At the beginning, we calculated the shifts only for the first letter. Since it later became necessary to calculate the shifts for the second letter too, we could have used a neat trick to do the two (and the rest of the letters, too) at the same time:

If we decrypt the final words on the chairs using the original names of the chair as the key, we get the letter shift for every letter position (mod 26) as the result.
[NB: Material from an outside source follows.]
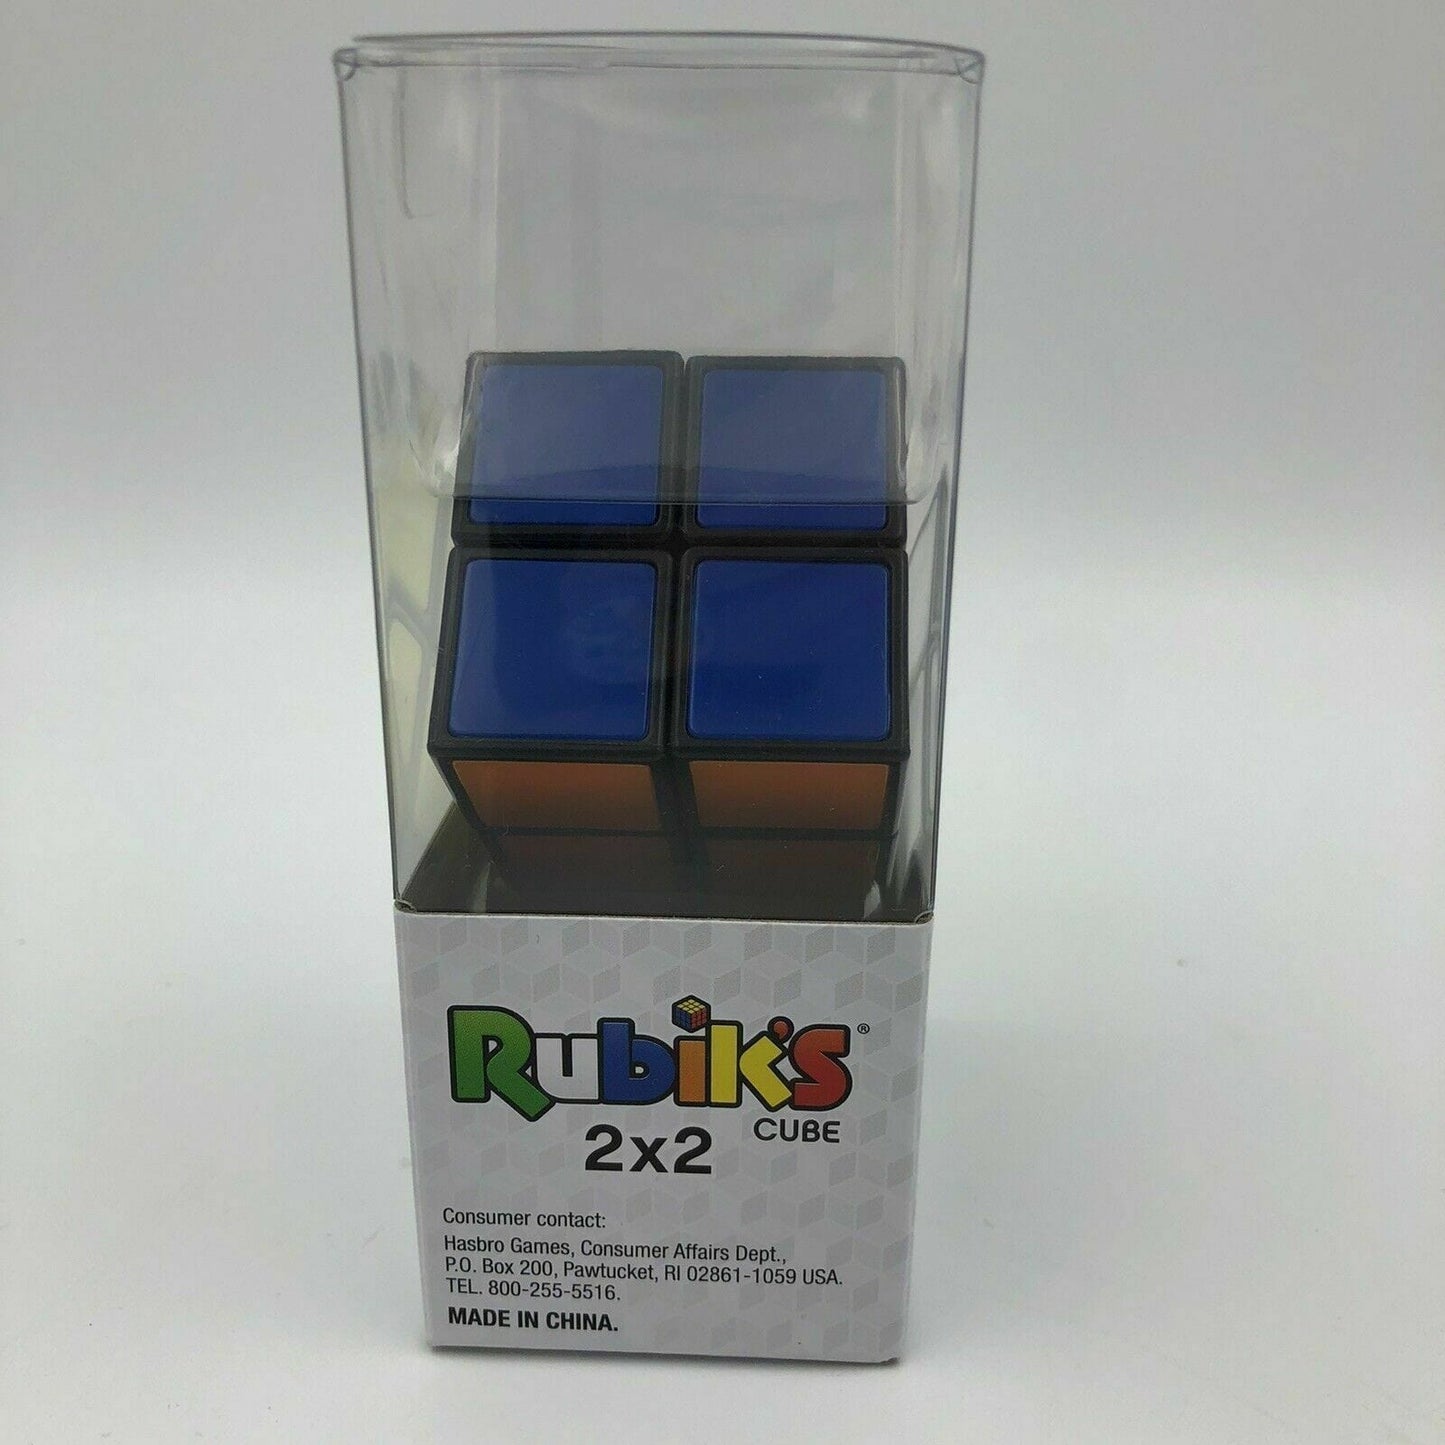 NEW Hasbro Game 2X2 Rubik's Cube C1556 Multicolor Twist

Since one of the chairs was only encrypted once, one of the results should instantly reveal a kid's name, too.

$\texttt{MJEMHSB} \ominus \texttt{CRAYONS} = \texttt{KSEOTFJ}$
$\texttt{ZLTYQIJ} \ominus \texttt{READING} = \texttt{IHTVIVD}$
$\texttt{DSGUXMZ} \ominus \texttt{TEACHER} = \texttt{KOGSQII}$
$\texttt{SIAKAPV} \ominus \texttt{PENCILS} = \texttt{DENISED}$
$\texttt{FCZUJEU} \ominus \texttt{BOOKBAG} = \texttt{EOLKIEO}$

So, as expected, the first letters of the results (K,I,K,D,E) correspond to the numbers (10,8,10,3,4) we had in the first spoiler block, and Denise was revealed to be the kid to sit in the PENCILS chair, which was the first one to be removed.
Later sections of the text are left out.